- Required work
Within the listing below, give again exactly the lines between the one containing "6 Plus/6S Plus" and the one containing "Ameublement Du Magasin", inclusive, pictures left aside.

- Listed records
>>>>
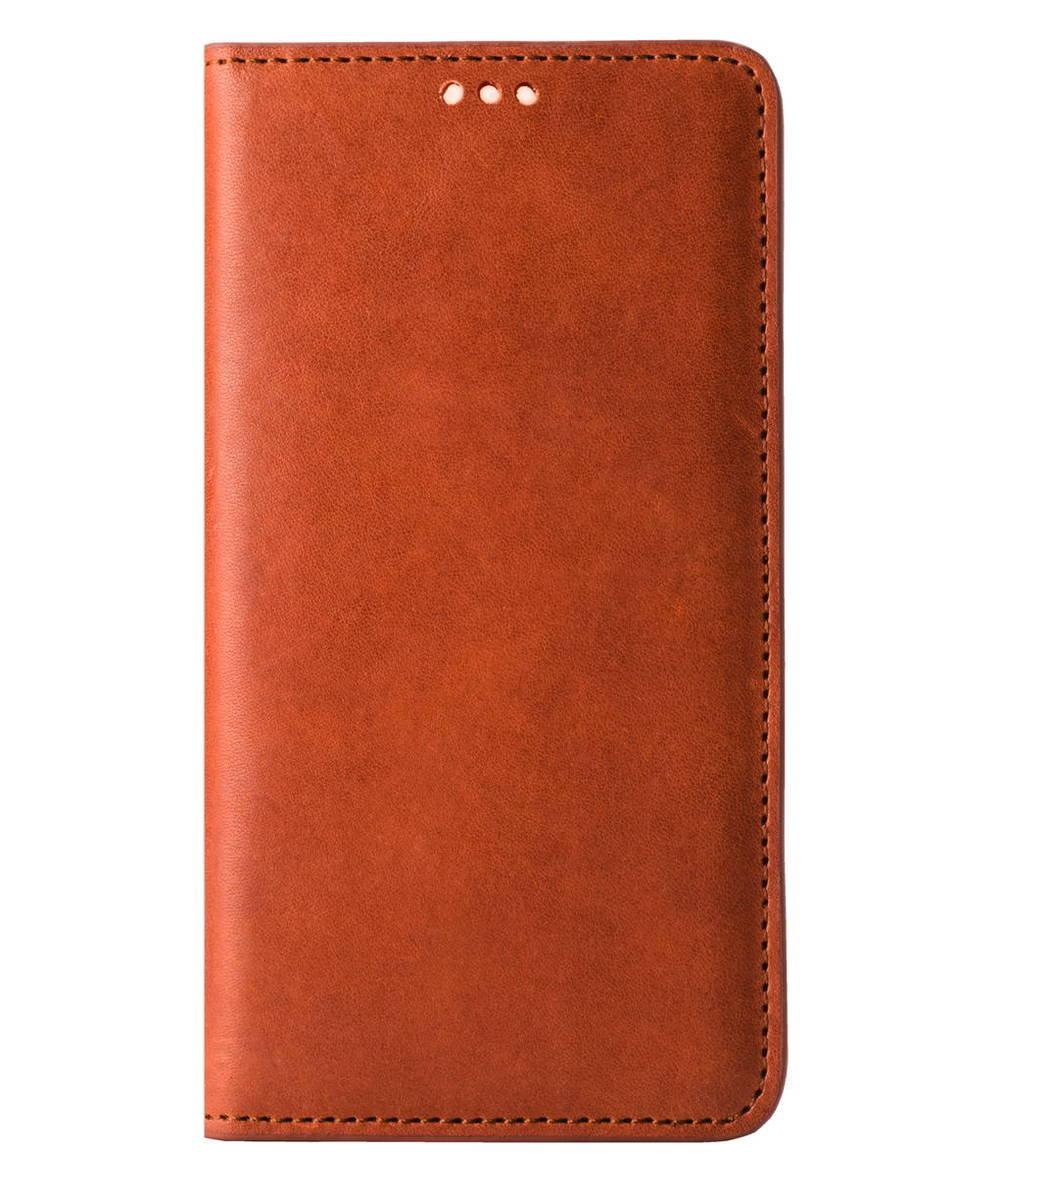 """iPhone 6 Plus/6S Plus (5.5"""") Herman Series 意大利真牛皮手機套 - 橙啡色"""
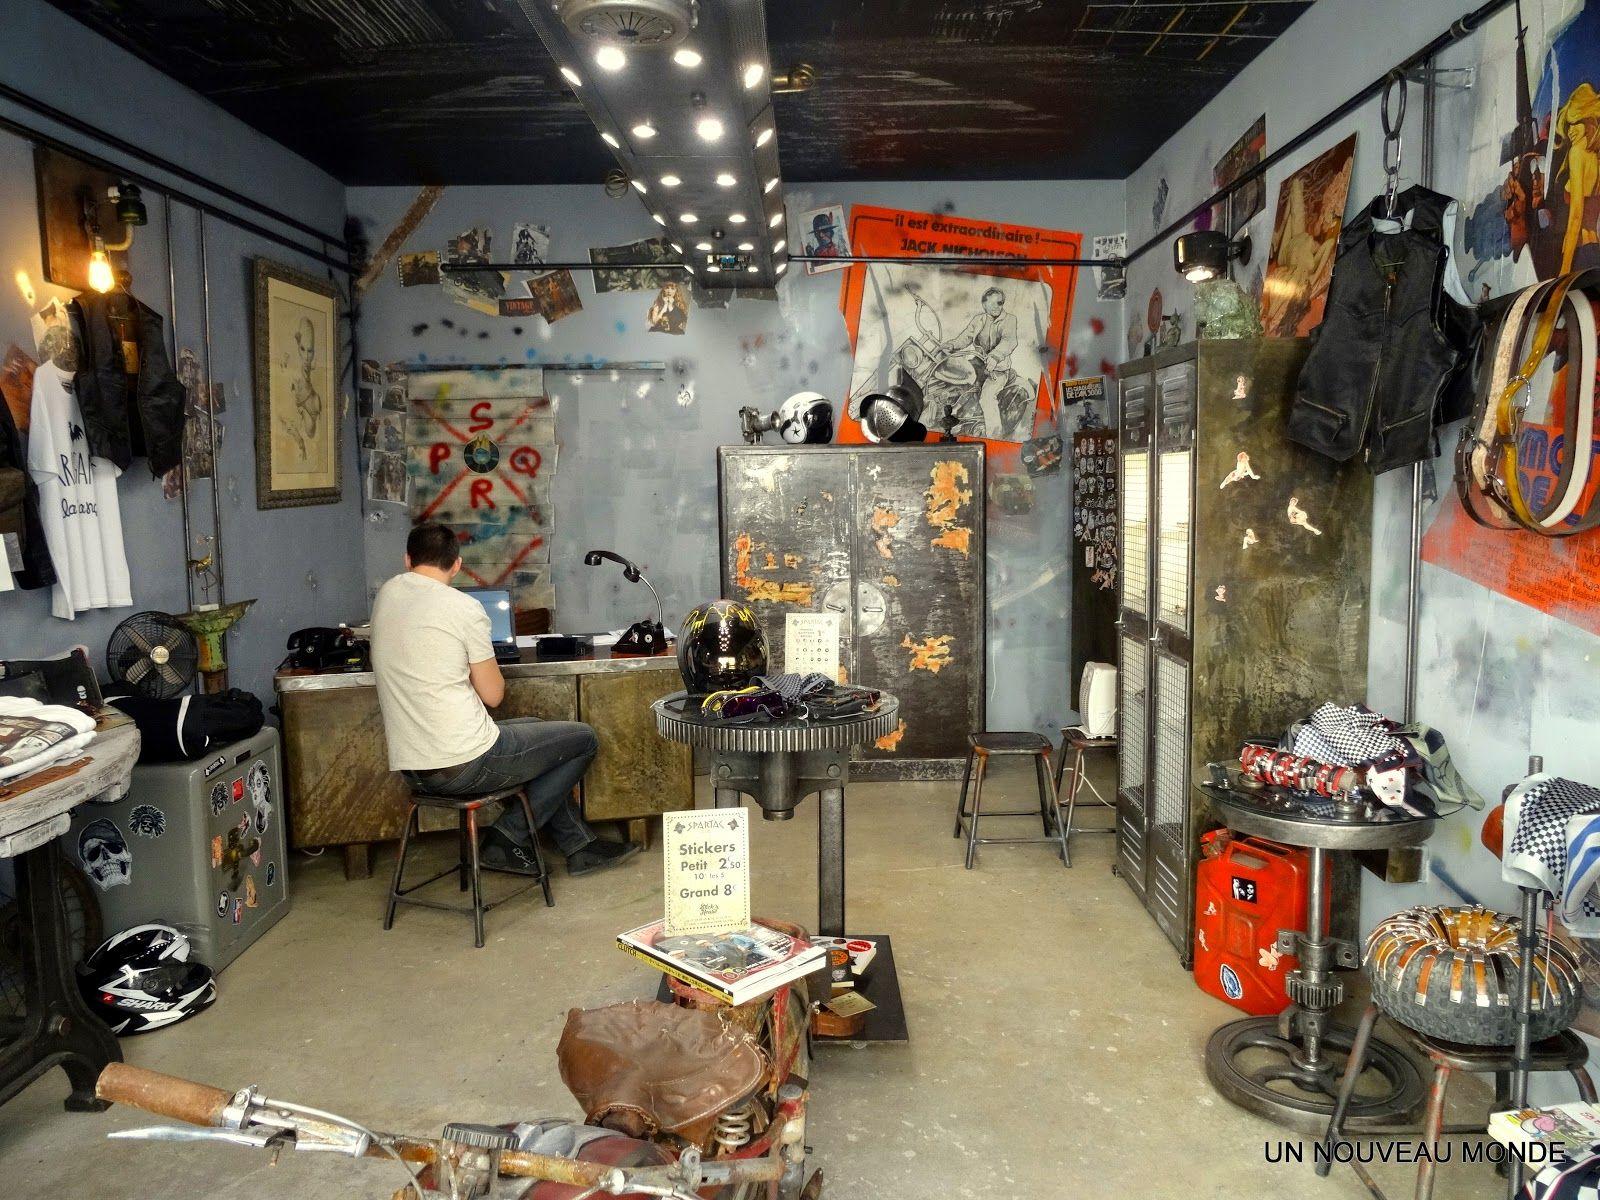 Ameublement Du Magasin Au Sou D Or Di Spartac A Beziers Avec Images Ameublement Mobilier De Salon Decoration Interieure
<<<<
>>>>
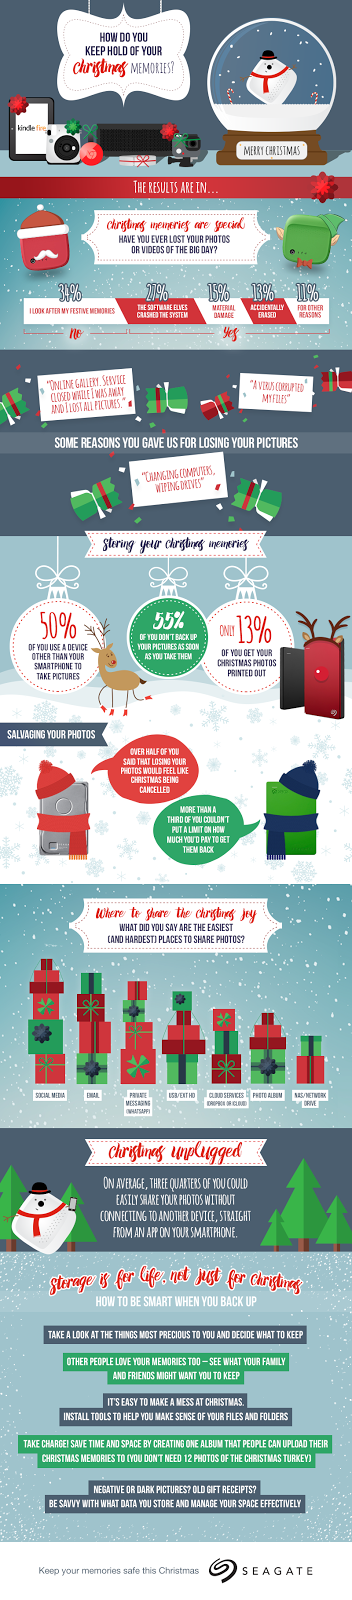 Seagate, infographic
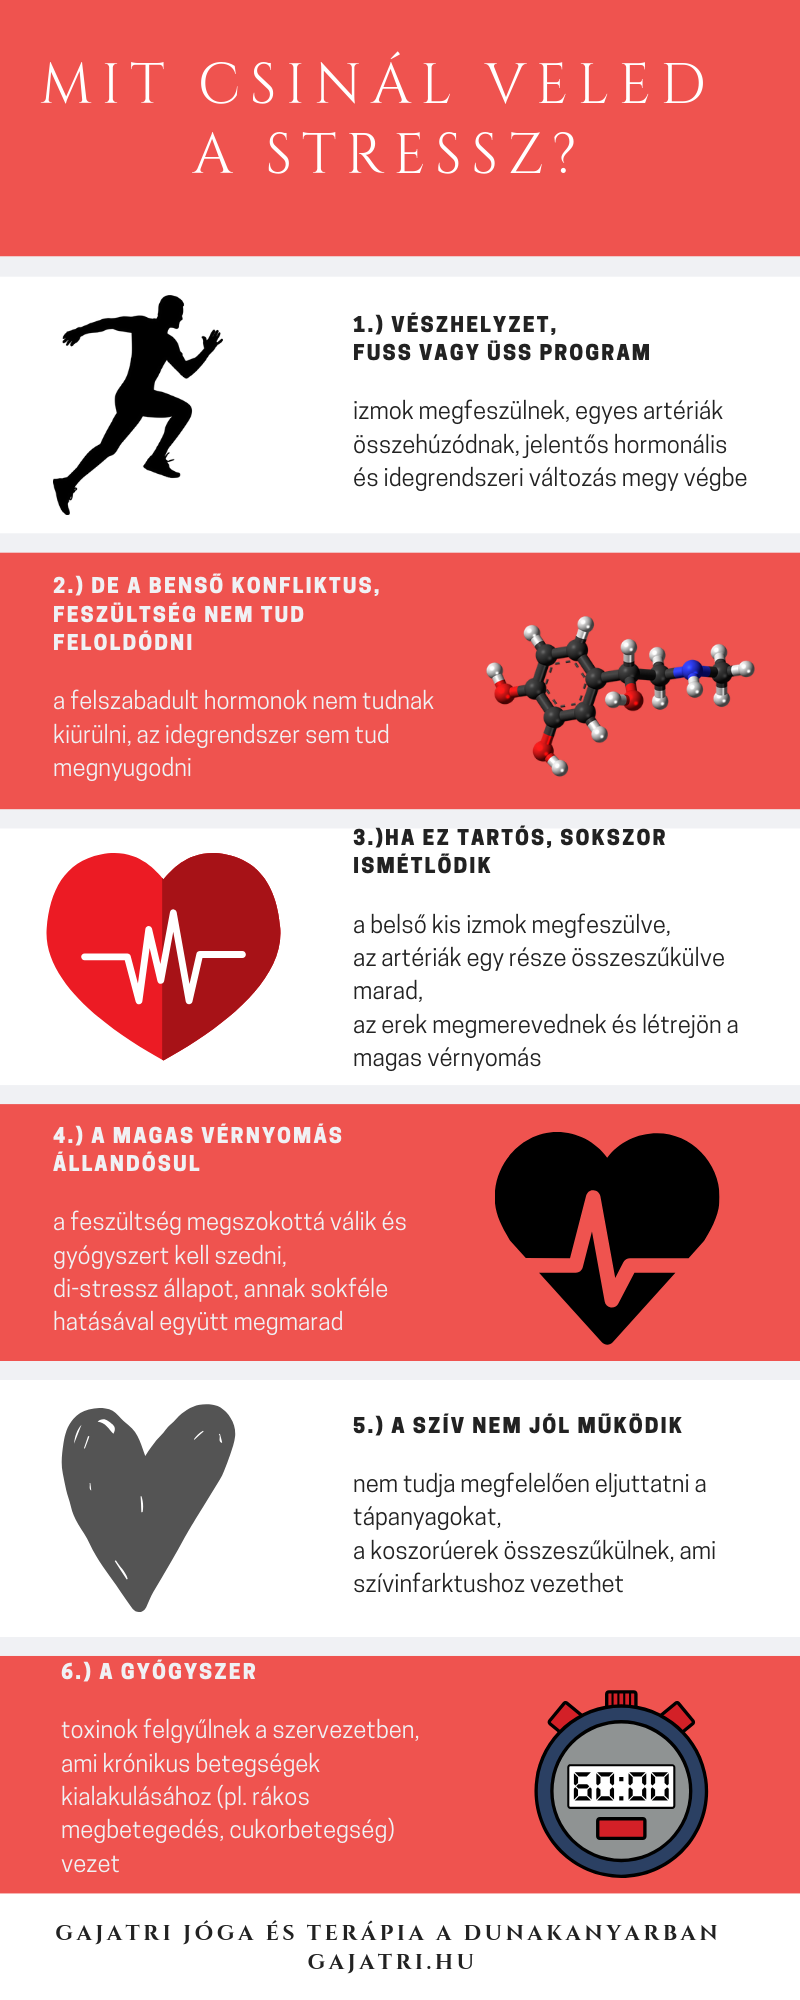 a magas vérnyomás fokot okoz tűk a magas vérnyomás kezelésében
<<<<
- Final answer
 """iPhone 6 Plus/6S Plus (5.5"""") Herman Series 意大利真牛皮手機套 - 橙啡色"""
 Ameublement Du Magasin Au Sou D Or Di Spartac A Beziers Avec Images Ameublement Mobilier De Salon Decoration Interieure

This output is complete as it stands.